-- PROVIDED MATERIAL follows --

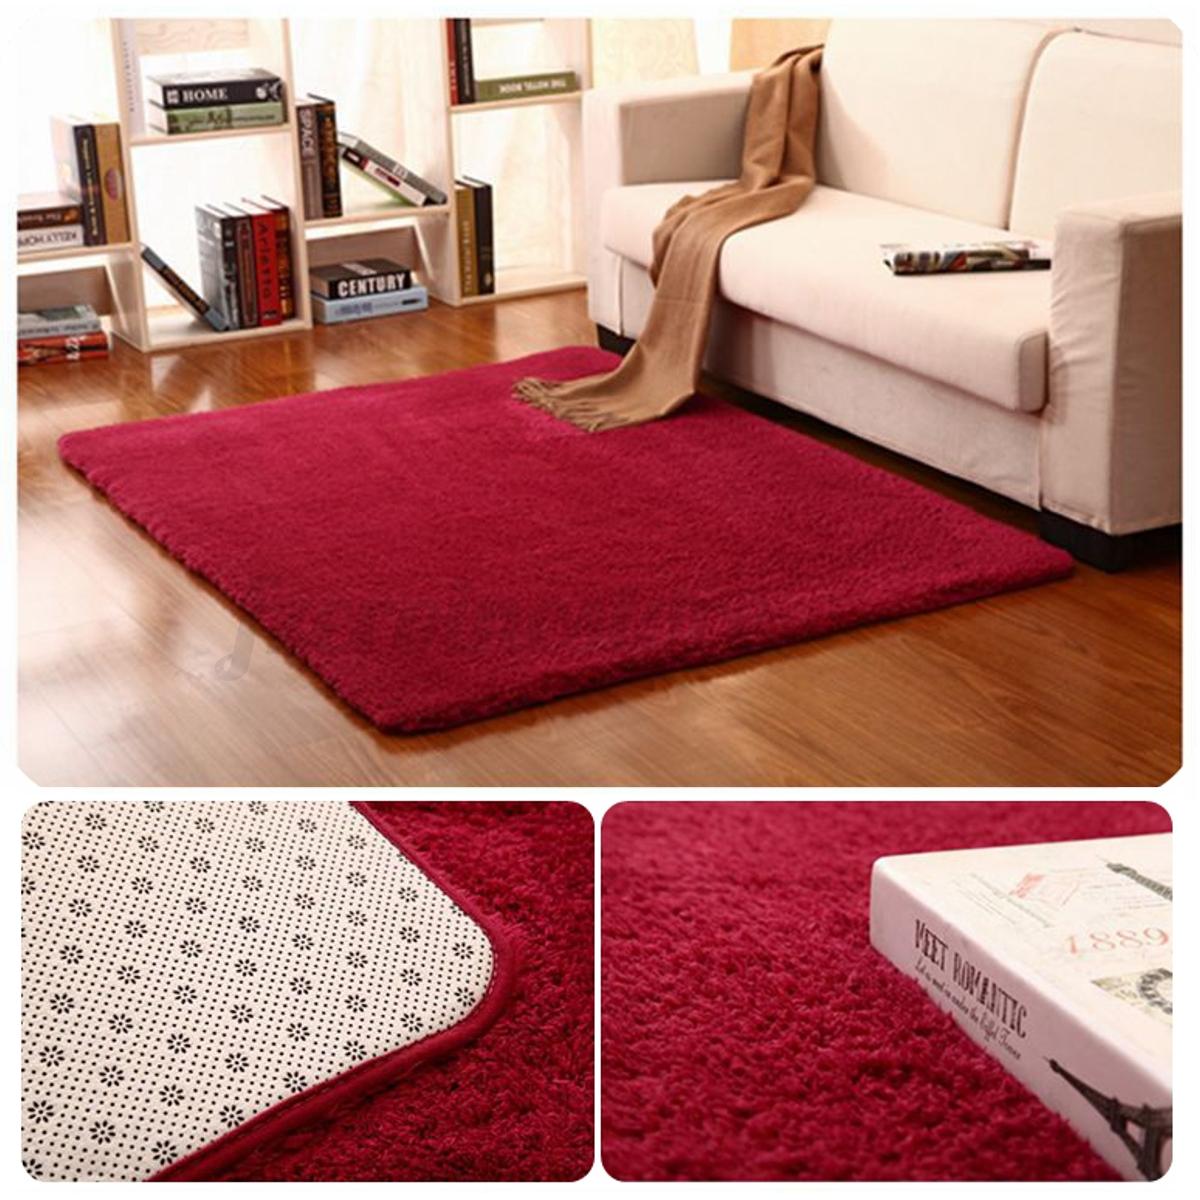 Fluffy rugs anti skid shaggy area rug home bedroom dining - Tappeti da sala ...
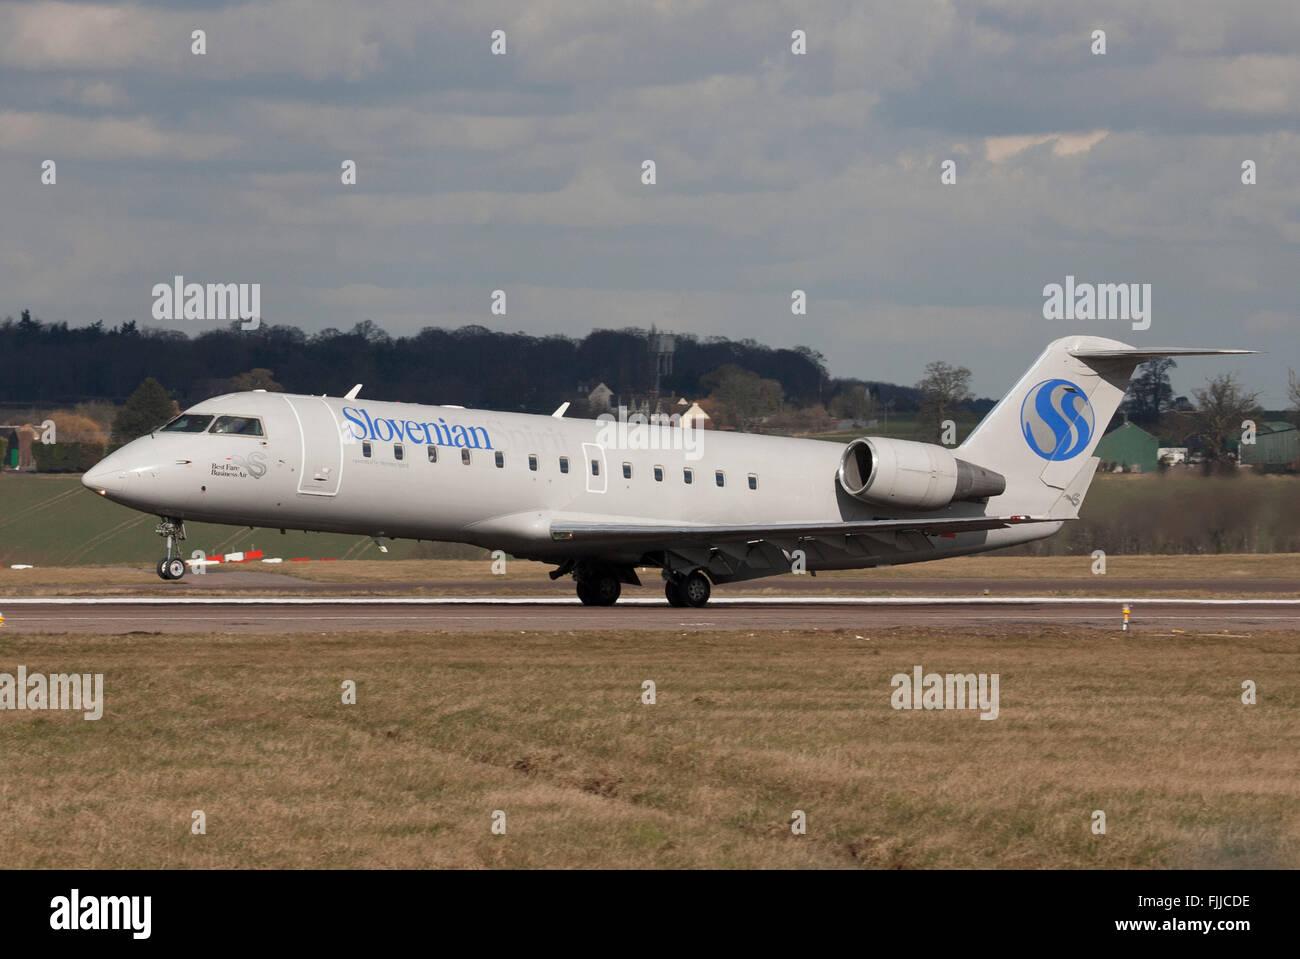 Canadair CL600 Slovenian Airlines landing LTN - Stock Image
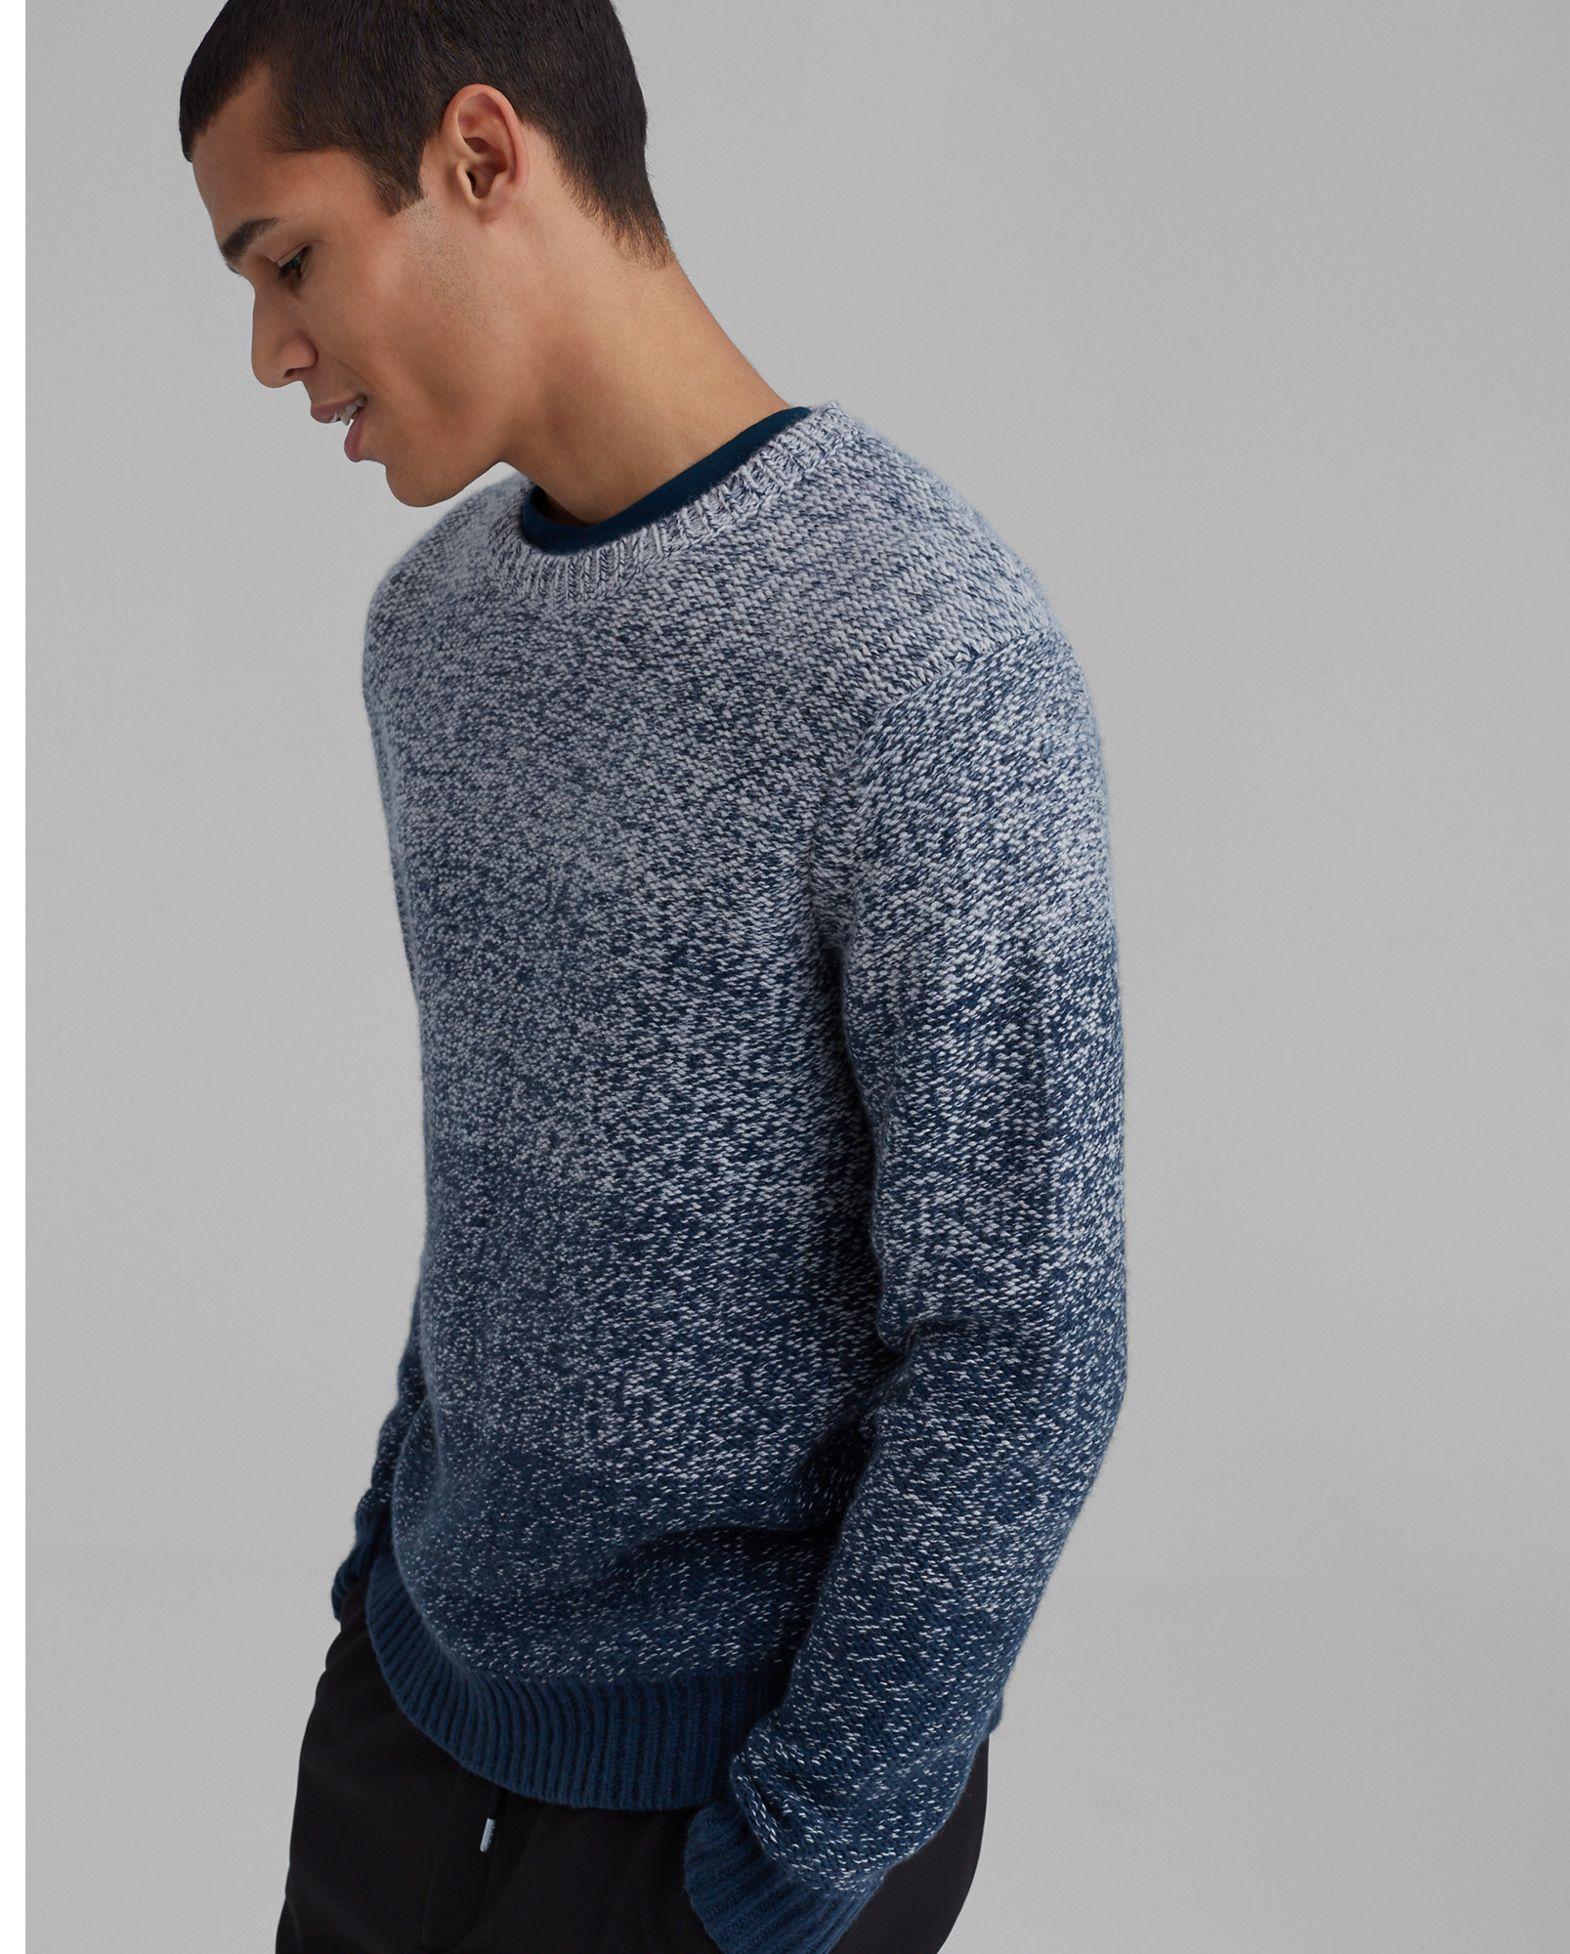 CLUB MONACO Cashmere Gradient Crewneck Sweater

-- PROVIDED MATERIAL concluded --

- DESCRIPTION OF THE TASK
Wherever a picture appears in the material above, skip it and copy the rest without change.

- TASK RESPONSE
 Fluffy rugs anti skid shaggy area rug home bedroom dining - Tappeti da sala ...
 Canadair CL600 Slovenian Airlines landing LTN - Stock Image
 CLUB MONACO Cashmere Gradient Crewneck Sweater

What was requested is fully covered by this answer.